We have seen very poor performance from this when using larger datasets.

One approach we've used to speed things up, is the dump the contents into a temp table and join off that instead.

For example:

CREATE PROCEDURE [dbo].[sp_Name]
(
    @Ids [dbo].[OurTableType] READONLY  
)
AS
    SET Nocount ON
    CREATE TABLE #TempTable(Id INT)
    INSERT INTO #TempTable
    SELECT Id from @Ids

    SELECT
        *
    FROM
        SOMETABLE
        INNER JOIN #TempTable ON #TempTable.Id = SOMETABLE.Id

    DROP TABLE #TempTable

This does improve performance significantly, but I wanted to get some opinions on this approach and any other consequences we haven't considered. Also an explanation as to why this improves performance may also be useful.

N.B. sometime we may need to pass in more than just an integer, hence why we don't use a comma separated list or something like that.

回答1:

This topic has been discussed before. The primary reason for the poor performance of the JOIN is that the Table-Valued Parameter (TVP) is a Table Variable. Table Variables do not keep statistics and appear to the Query Optimizer to only have 1 row. Hence they are just fine to do something like INSERT INTO Table (column_list) SELECT column_list FROM @TVP; but not a JOIN.

There are a few things to try to get around this:

  1. Dump everything to a local temporary table (you are already doing this). A technical downside here is that you are duplicating the data passed into the TVP in tempdb (where both the TVP and temp table store their data).

  2. Maybe try defining the User-Defined Table Type to have a Clustered Primary Key.

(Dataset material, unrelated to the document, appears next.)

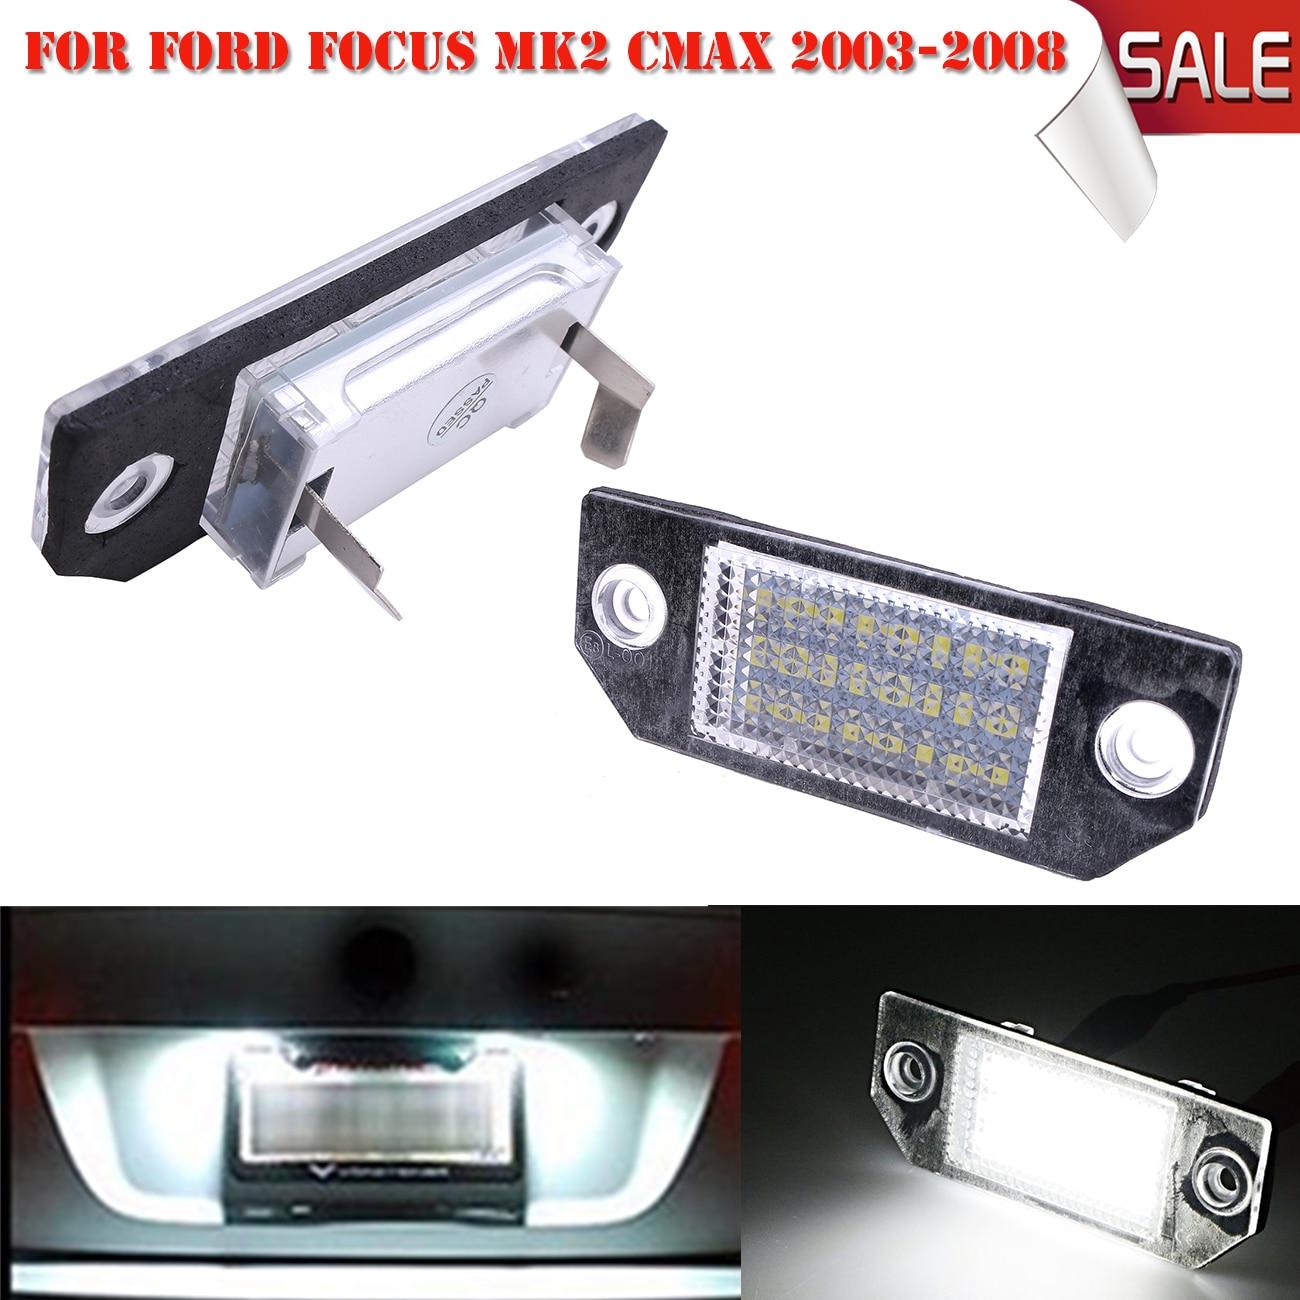 1 par luz de la matr cula l mparas de repuesto para ford focus c max mk2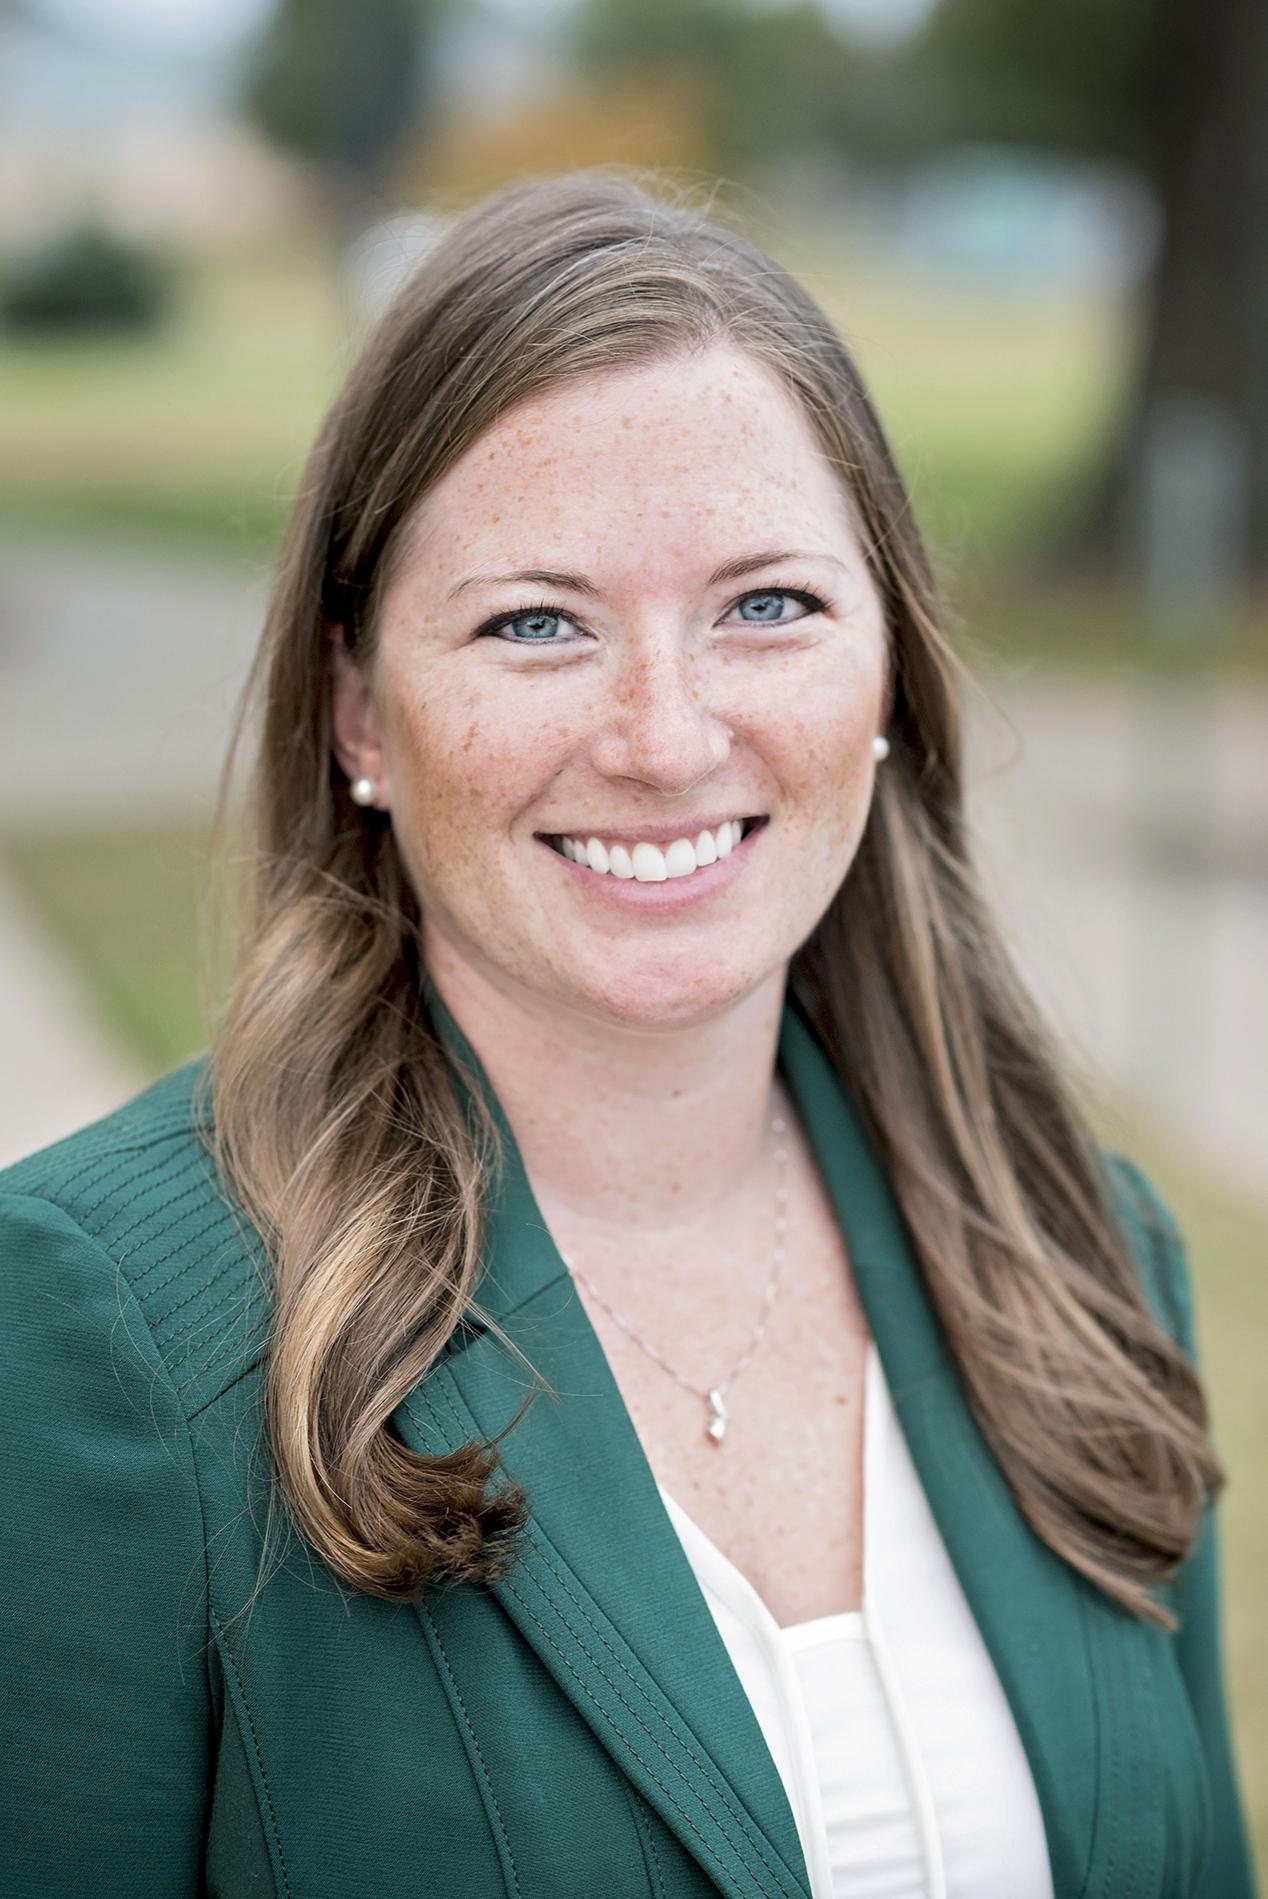 Dr Sarah Petschonek

You can do this inline on the [Id] field:

    [ID] INT NOT NULL PRIMARY KEY
    

    Not sure how much this helps performance, but worth a try.

  3. You could try adding OPTION (RECOMPILE) to the query. This is a way of getting the Query Optimizer to see how many rows are in a Table Variable so that it can have proper estimates.

    SELECT column_list
    FROM   SOMETABLE
    INNER JOIN @Ids [OurTableType]
            ON [OurTableType].Id = SOMETABLE.Id
    OPTION (RECOMPILE);
    

    The downside here is that you have a RECOMPILE which takes additional time each time this proc is called. But that might be an overall net gain.

PS. Don't do SELECT *. Always specify a column list. Unless doing something like an IF EXIST(SELECT * FROM)....